— Не густо, — сказал Башир.
— Первого ноября 1954 года[59], — сказал офицер, — у революции не было никаких средств. И потом, вот увидите, как только вы возьметесь за это, вы сразу станете изобретательным! Без таланта здесь не обойтись.
Башир посмотрел на него: не шутит ли? Нет, тот был серьезен.
— Это как в реке, когда не умеешь плавать. Сначала бросаешься в воду, а потом пытаешься выбраться.

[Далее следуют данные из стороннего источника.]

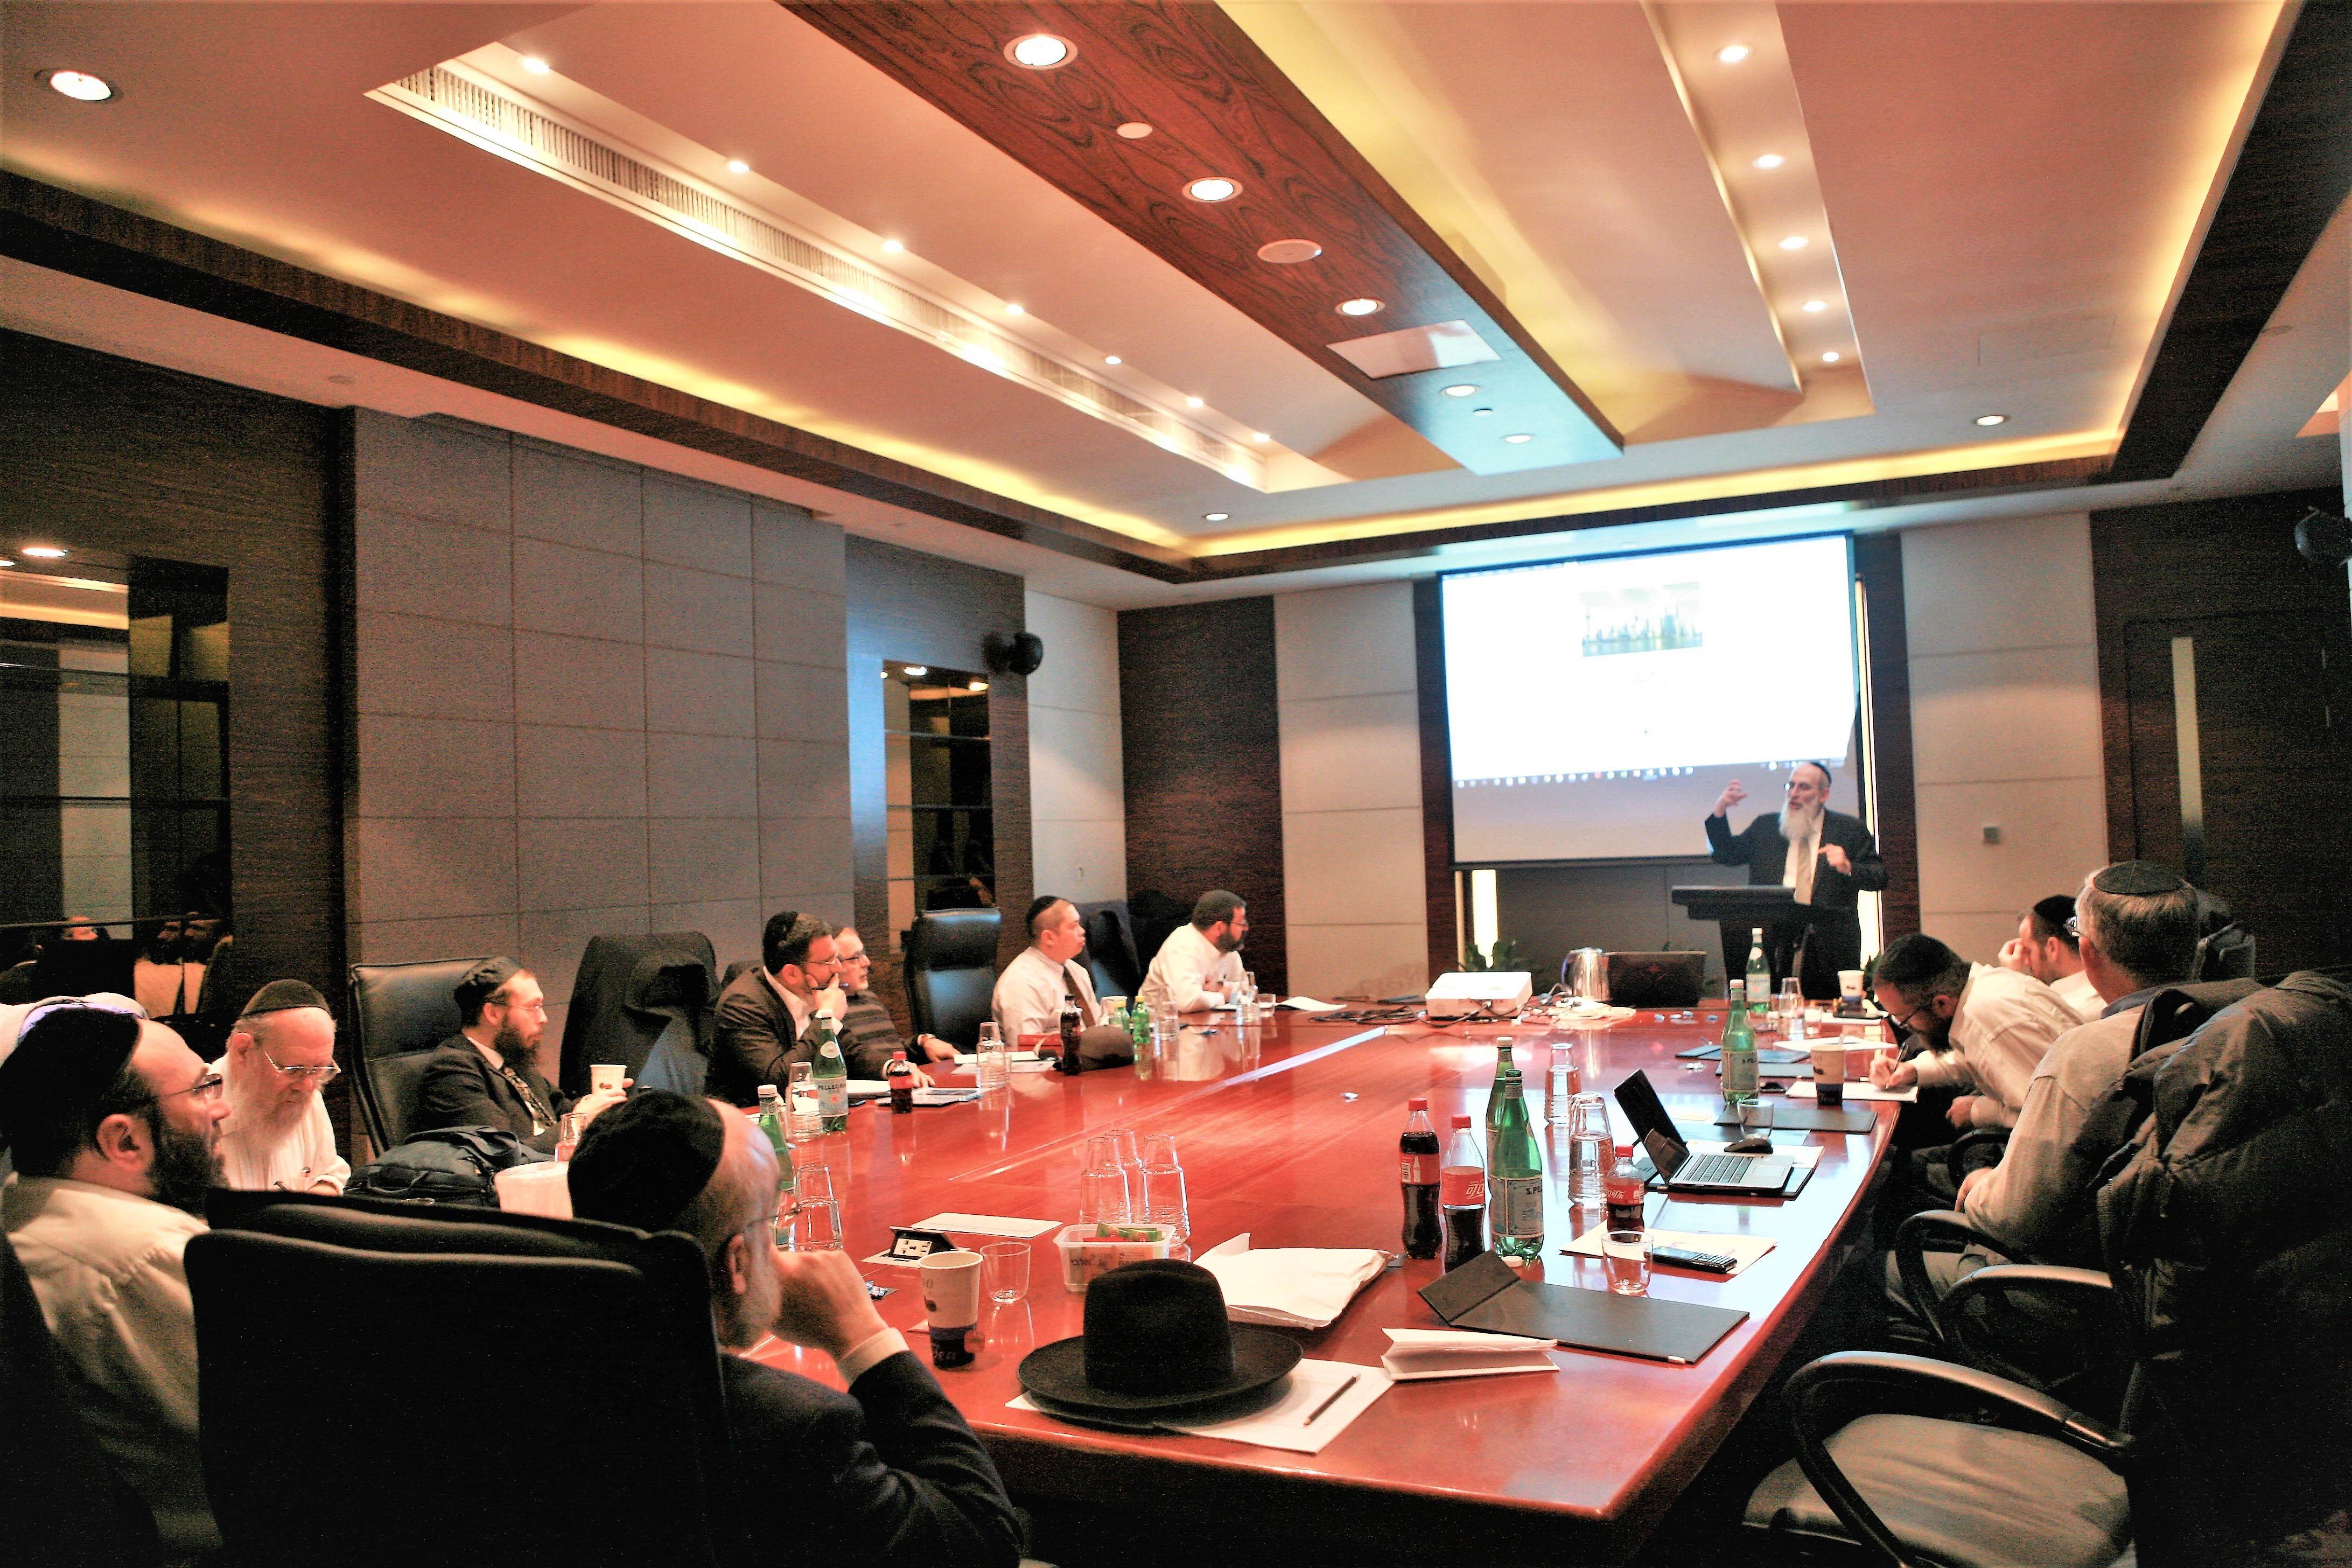 Pan-Asia Kosher Training Seminar Convened by STAR-K in Shanghai

Он протянул ему чашку кофе.
— Случается, что и тонут… Два куска сахара или один?
— Два, — сказал Башир.
— Но чаще всего выбираются. — Он протянул Баширу ложку. — Многие так и учатся плавать… Все, что я говорю вам, доктор, вы, конечно, знаете лучше меня, вы читали об этом в книгах. А мы, крестьяне, очень гордимся, когда открываем какие-то вещи в жизни и можем сказать об этом другим, даже и ученым.
Как только он начал говорить, транзистор выключили. Теперь его снова включили.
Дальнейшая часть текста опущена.